Since it was launched in 2008, the Volkswagen CC has proved a popular choice with private and fleet buyers alike, combining the practicality of a saloon with the elegance and styling of a coupé.








The CC offers a high level of equipment in both standard and GT trims, and is set to become even more appealing thanks to the introduction of the new CC R-Line, which adds even more style.

The R-Line builds on the already generous equipment list of the GT, adding a distinctive
R-Line front grille with round fog lights, R-Line front bumper, R-Line logo in the radiator grille, sill extensions, LED daytime running lights and 18-inch 'Mallory' alloy wheels. Inside, an R-Line multi-function steering wheel and trim adds a distinctive touch to complete the look. Despite the additional kit, the R-Line commands a premium of just £650 over the equivalent GT, with prices starting at £29,505.
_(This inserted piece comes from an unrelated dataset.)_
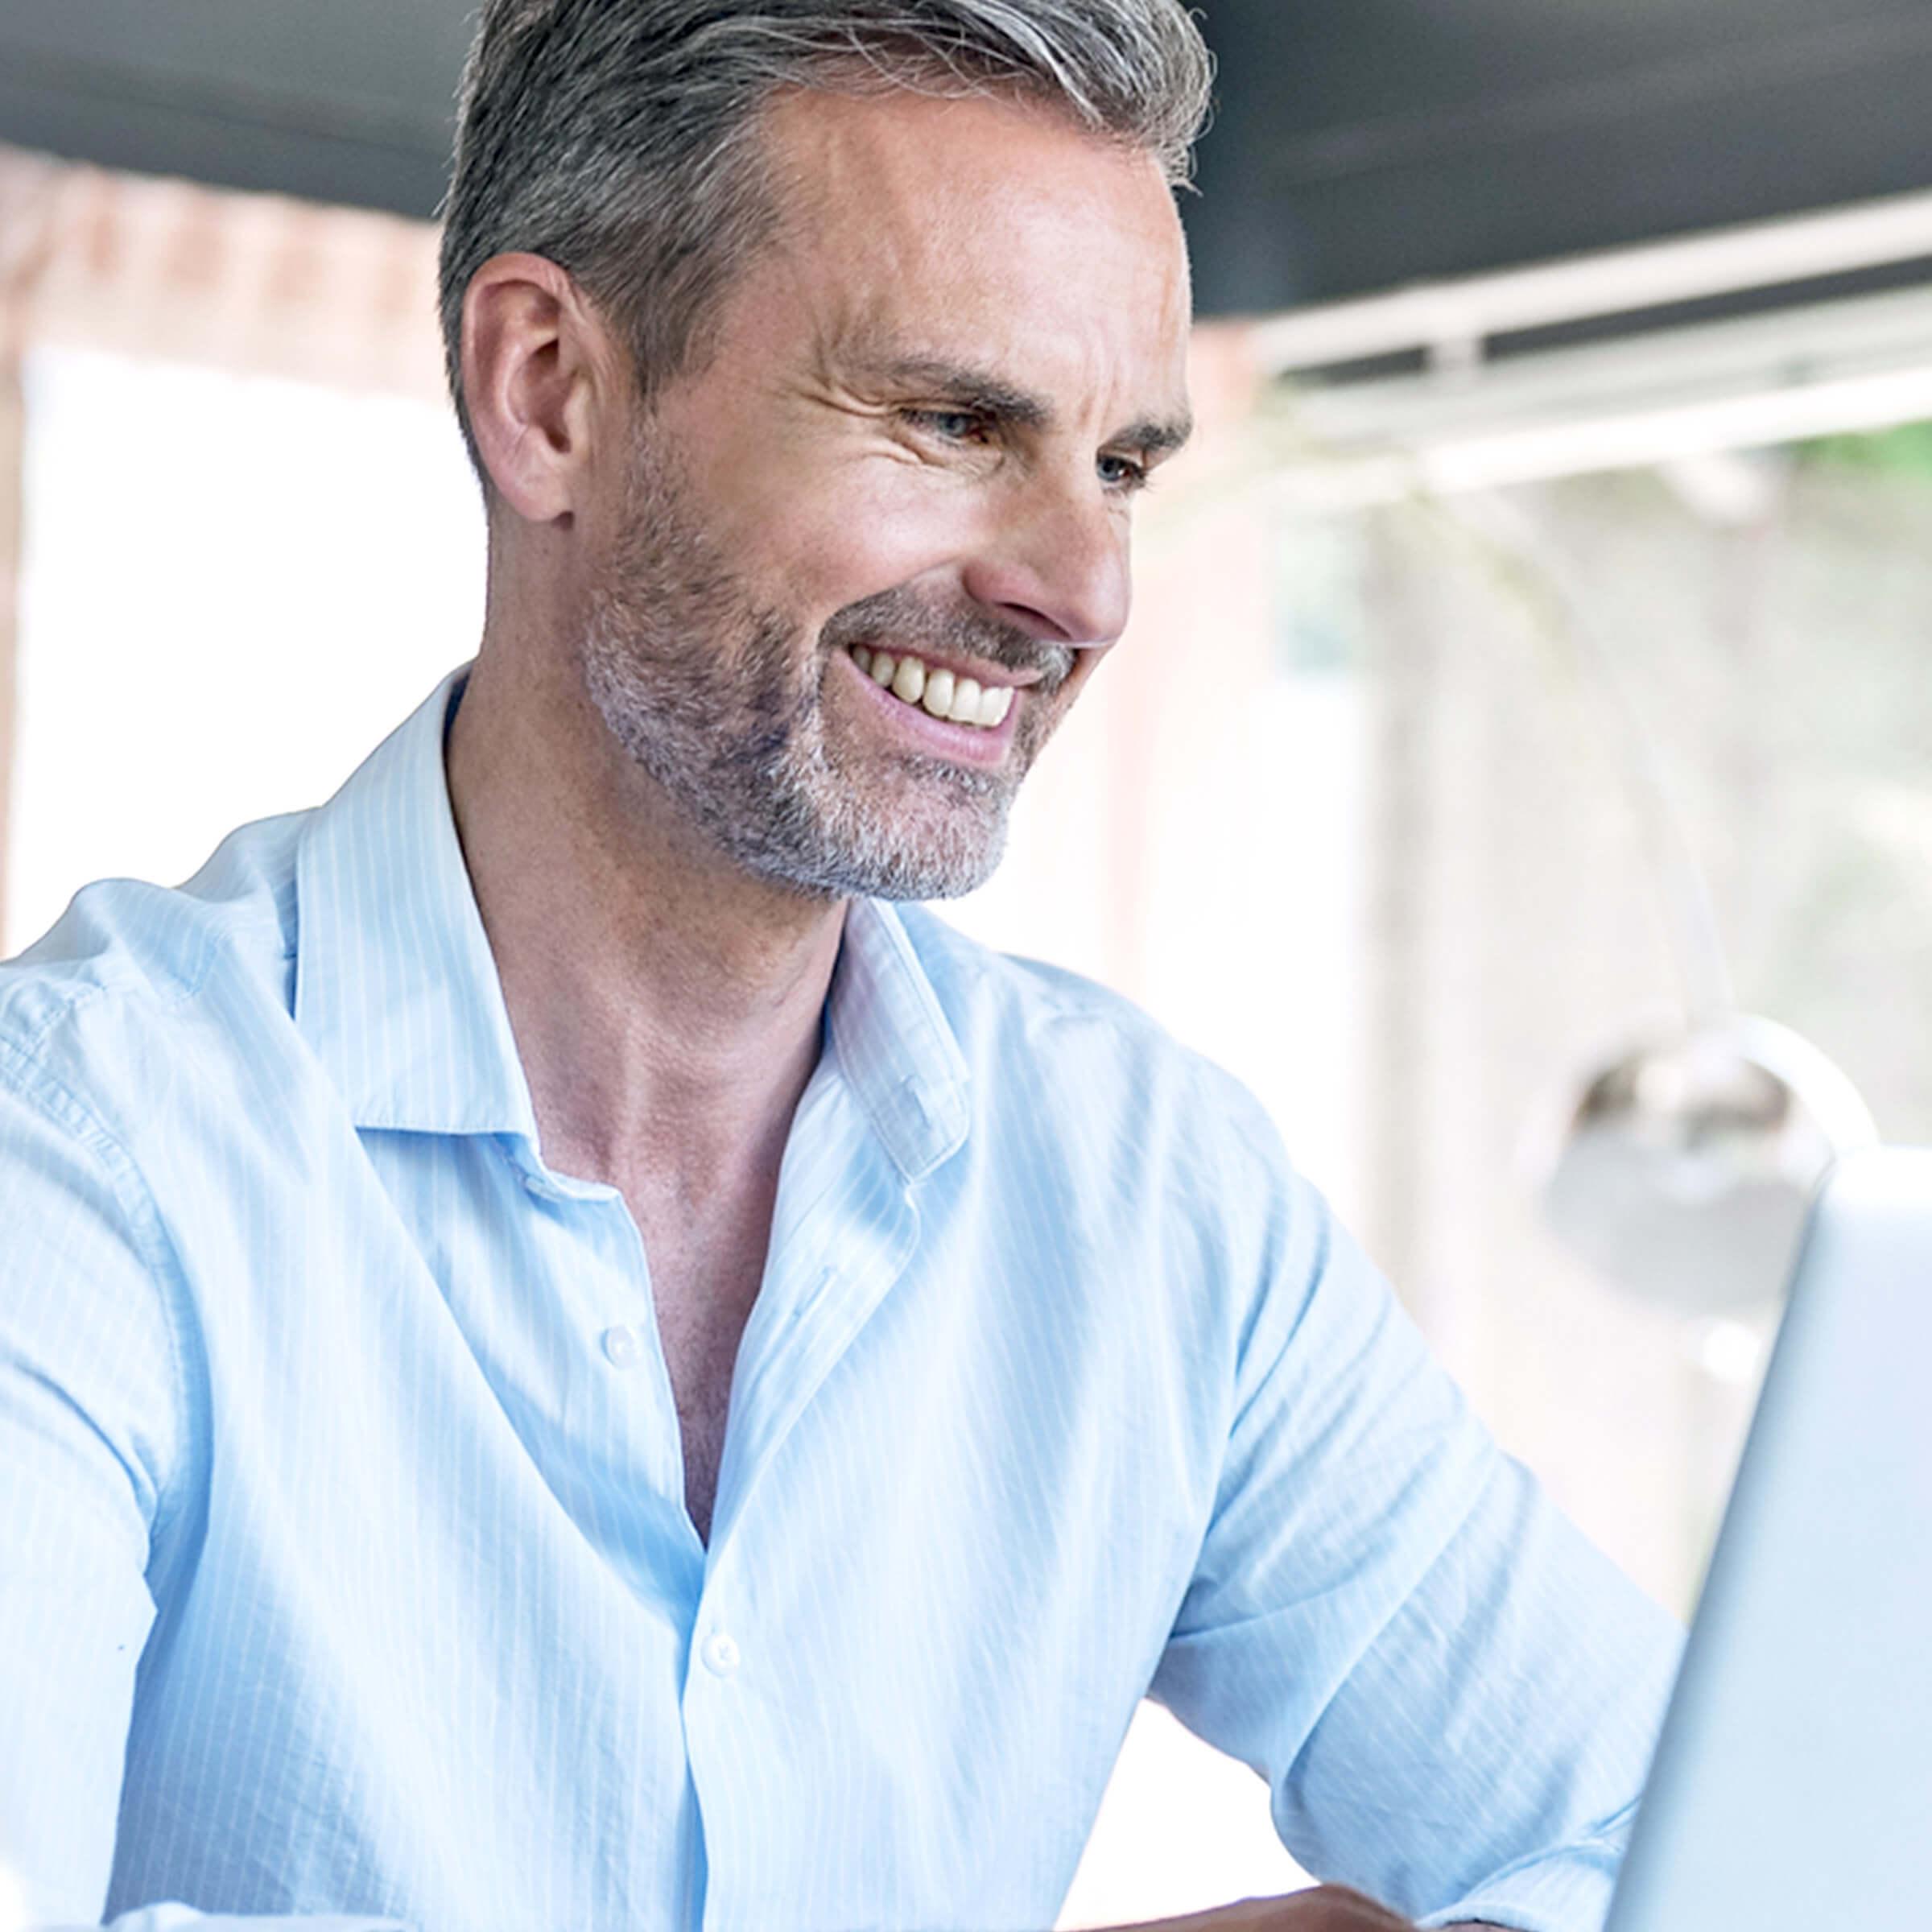 Zadowolony klient LYNX, który wykorzystuje narzędzia handlowe do efektywnego handlu na giełdzie

Two engines will be available with R-Line trim - a 2.0-litre 210 PS TSI petrol and a 2.0-litre 177 PS TDI with BlueMotion Technology which includes battery regeneration and Stop/Start systems. Both engines come with a choice of either a six-speed manual or smooth-shifting DSG gearbox. The petrol engine returns up to 38.7 mpg on the combined cycle, while the manual TDI returns a very frugal 58.9 mpg.

The CC R-Line is available to order from Volkswagen Retailers from tomorrow, with first customer deliveries due in late January.


----------